Chai can be made in a variety of ways, with differing quantities of milk and sugar, but at its core are the aromatics. In Dishoom’s recipe, fresh ginger, black peppercorns, cardamom, cinnamon and cloves are used to infuse brewed tea (loose Assam or Darjeeling, or English breakfast teabags), before whole milk and sugar are added.

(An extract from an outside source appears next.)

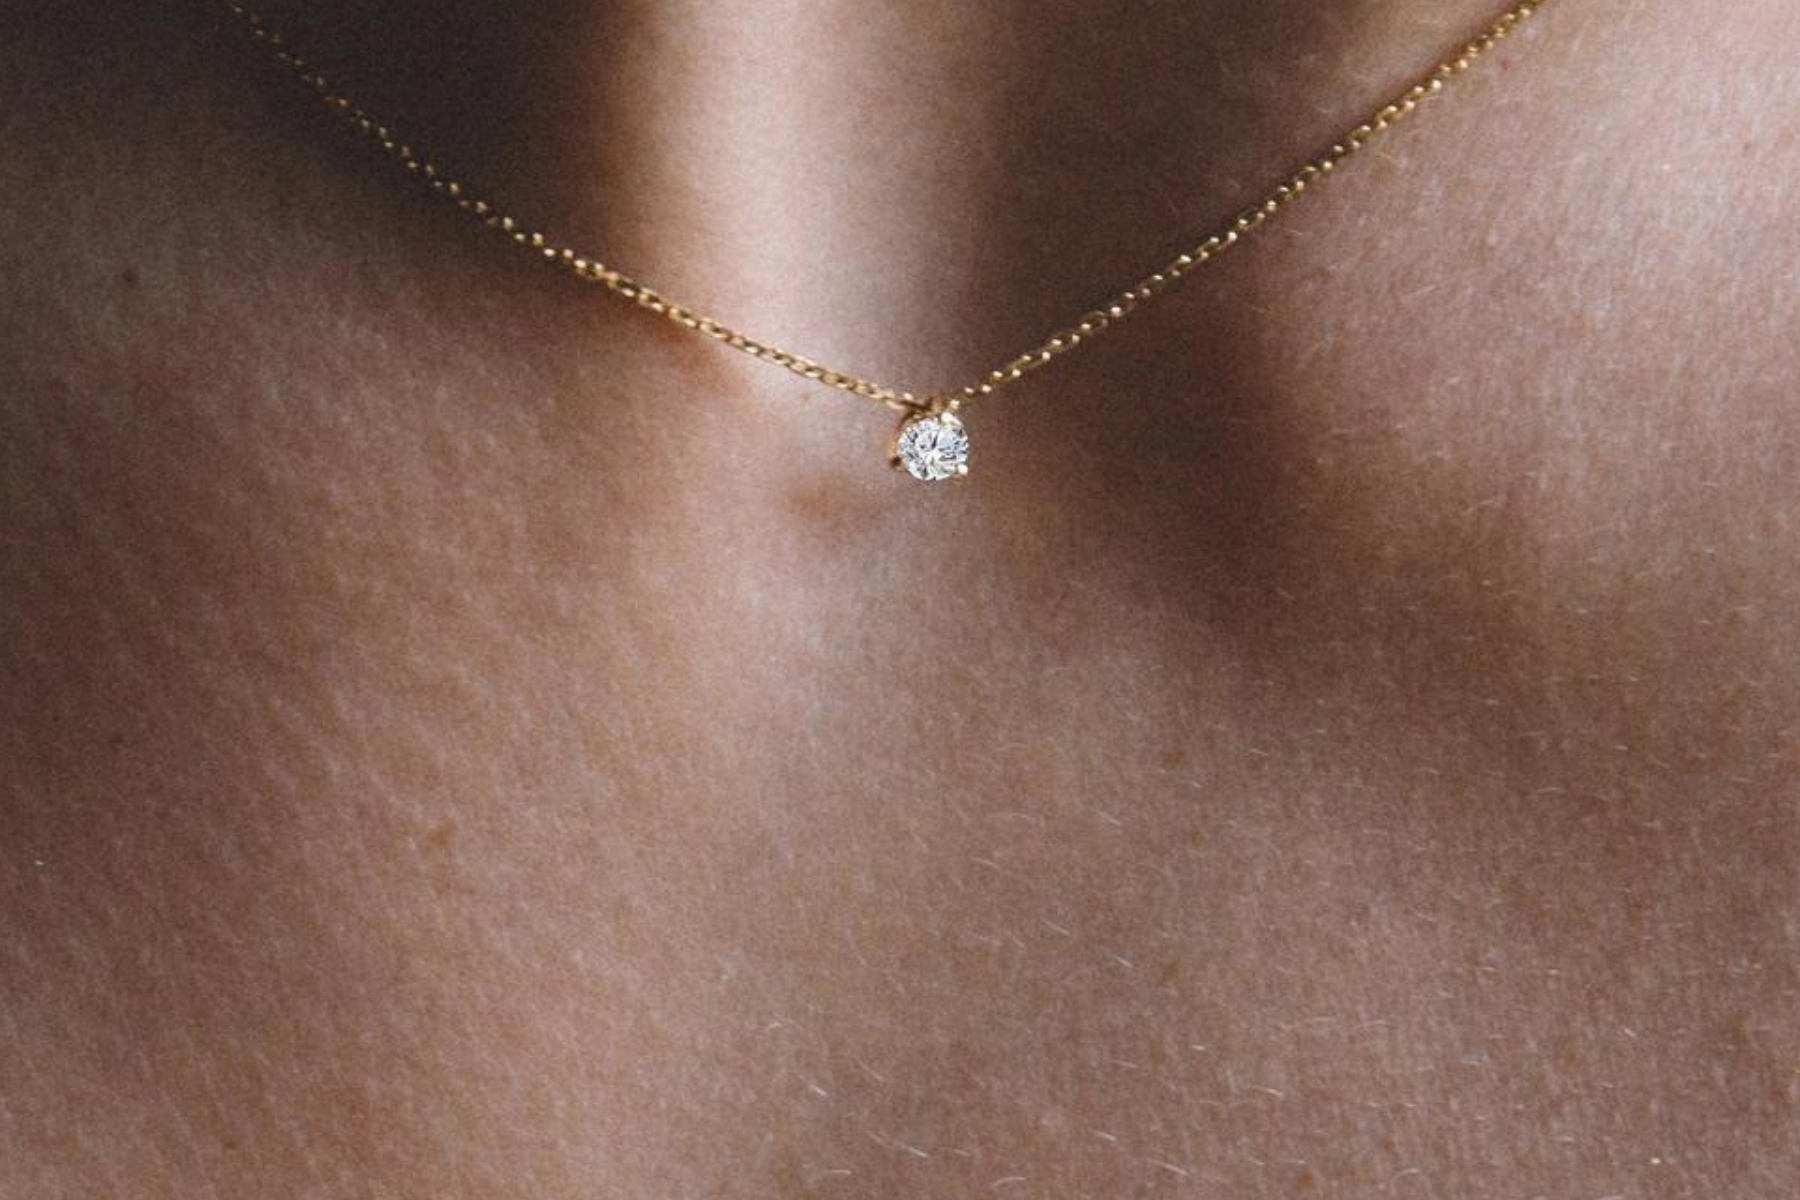 A black woman is dressed in a diamond pendant necklace

As well as a morning pick-me-up, this milky, sugary, caffeinated drink just calls out for dunking, whether it’s a bun or brun maska (sweet or savoury crusty bread rolls) or a Rich Tea biscuit. It’s the ideal accompaniment to vada pau (a potato patty in a bun) or, for something stronger, mixed into a rum and whisky cocktail. Basically, a glass of chai will see you from dawn until dusk and all through the night.
Give Dishoom’s signature drink a go with the recipe below:
- 2 tbsp loose Assam or Darjeeling tea, or 3 English breakfast teabags
- 12 slices root ginger
- 1½ tsp black peppercorns
- 12 cardamom pods
- 2 cinnamon sticks
- 5 cloves
- 50g granulated white sugar
- 500ml whole milk
- Place the tea, ginger and spices into a saucepan, pour over 1 litre boiling water and bring to the boil.
- Lower the heat and simmer until you can smell the spices, about 10 minutes.
- Add the sugar and milk, turn up the heat and bring back to the boil.
- Allow 10 minutes, stirring occasionally. (A skin will form, but this is strained off at the end.)
- Taste to see if the chai is to your liking; boil a little more if you want a stronger flavour. Strain, discard the solids and serve immediatley.